我用宏来搞定这个愚蠢的程序,但我不知道失败是什么:
#include <stdio.h>
#include <stdlib.h>
#define READ_RX (1 << 1)
#define WRITE_RX (1 << 2)
#define READ_TX (1 << 3)
#define WRITE_TX (1 << 4)
#define READ_COMMAND(num) (num == 0) ? (READ_RX) : (READ_TX)
#define WRITE_COMMAND(num) (num == 0) ? (WRITE_RX) : (WRITE_TX)

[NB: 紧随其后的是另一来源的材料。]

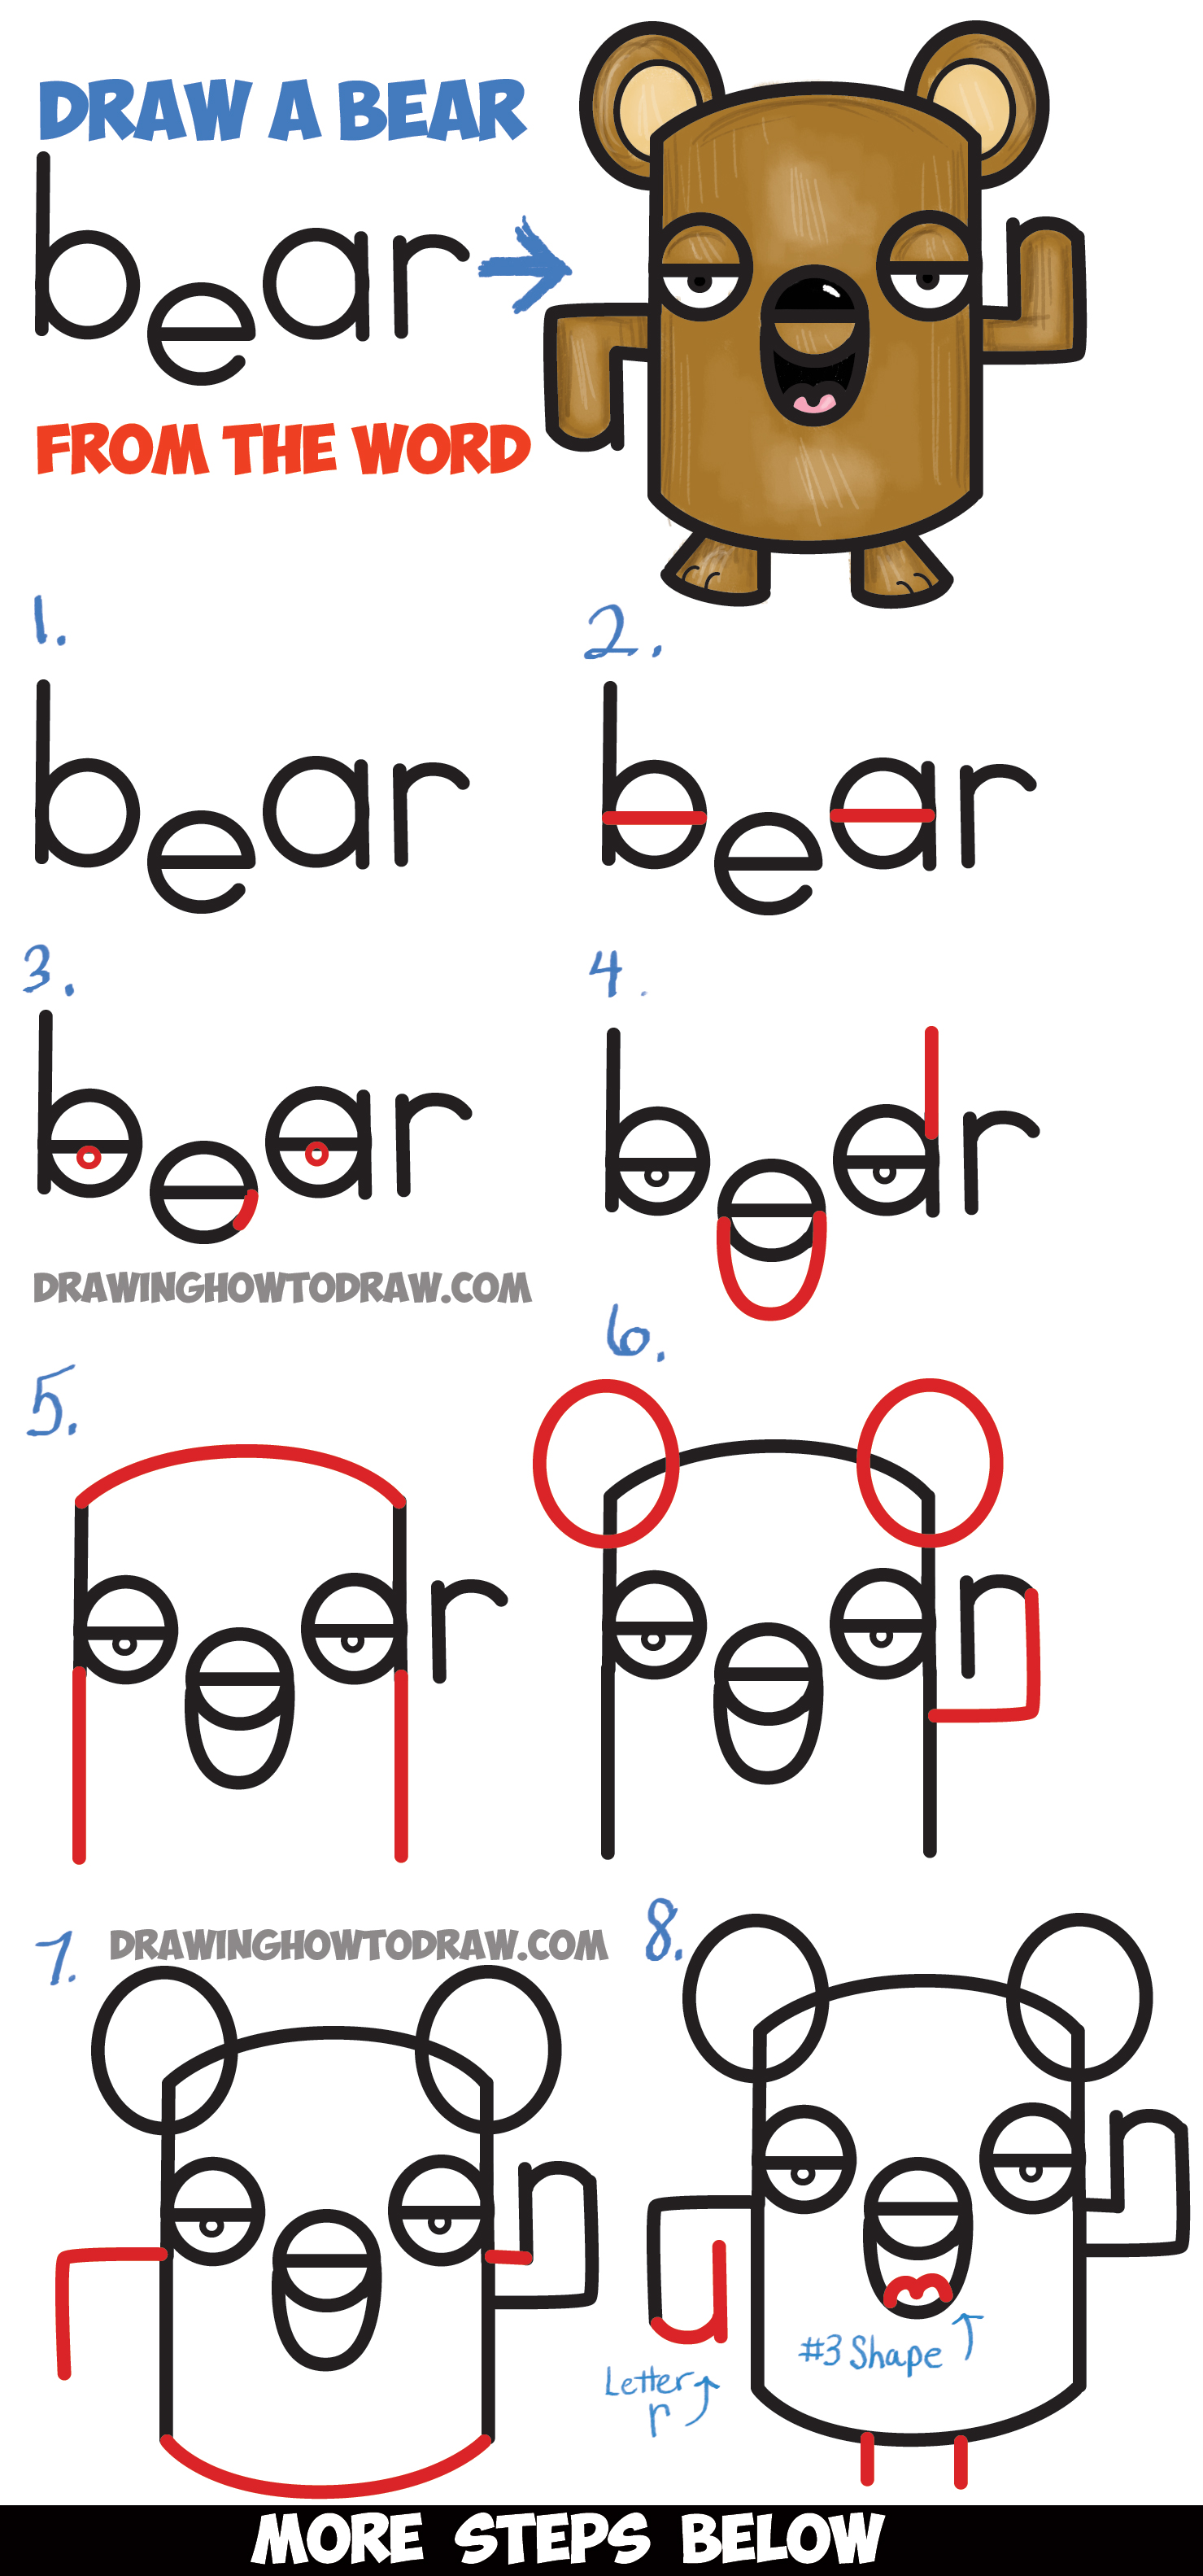 Learn How to Draw a Cartoon Bear from the Word Bear - Easy Step by Step Draiwng Lesson for Kids

int main(int argc, char **argv)
{
printf("[DEBUG] 0x%04X\n", (READ_COMMAND(0)) | (WRITE_COMMAND(0))); //works fine
printf("[DEBUG] 0x%04X\n", READ_COMMAND(0) | WRITE_COMMAND(0)); //doesn't work
return 0;
}
结果:
$ ./test
[DEBUG] 0x0006 -> works fine
[DEBUG] 0x0002 -> doesn't work
有谁知道这是什么问题?
最好的问候。
答案 0 :(得分:5)
宏只是文本替换,意思是什么。 即。
(READ_COMMAND(0)) | (WRITE_COMMAND(0))
变为
((num == 0) ? (READ_RX) : (READ_TX)) | ((num == 0) ? (READ_RX) : (READ_TX))
而
READ_COMMAND(0) | WRITE_COMMAND(0)
成为
(num == 0) ? (READ_RX) : (READ_TX) | (num == 0) ? (READ_RX) : (READ_TX)
现在使用优先规则,您可以看到,这与
相同(num == 0) ? (READ_RX) : ( (READ_TX) | (num == 0) ? (READ_RX) : (READ_TX) )
答案 1 :(得分:3)
你需要围绕整个定义的大括号。第二个扩展到:
(num == 0) ? (2) : (8) | (num == 0) ? (1) : (4)
请注意|的优先级高于? :运算符的优先级。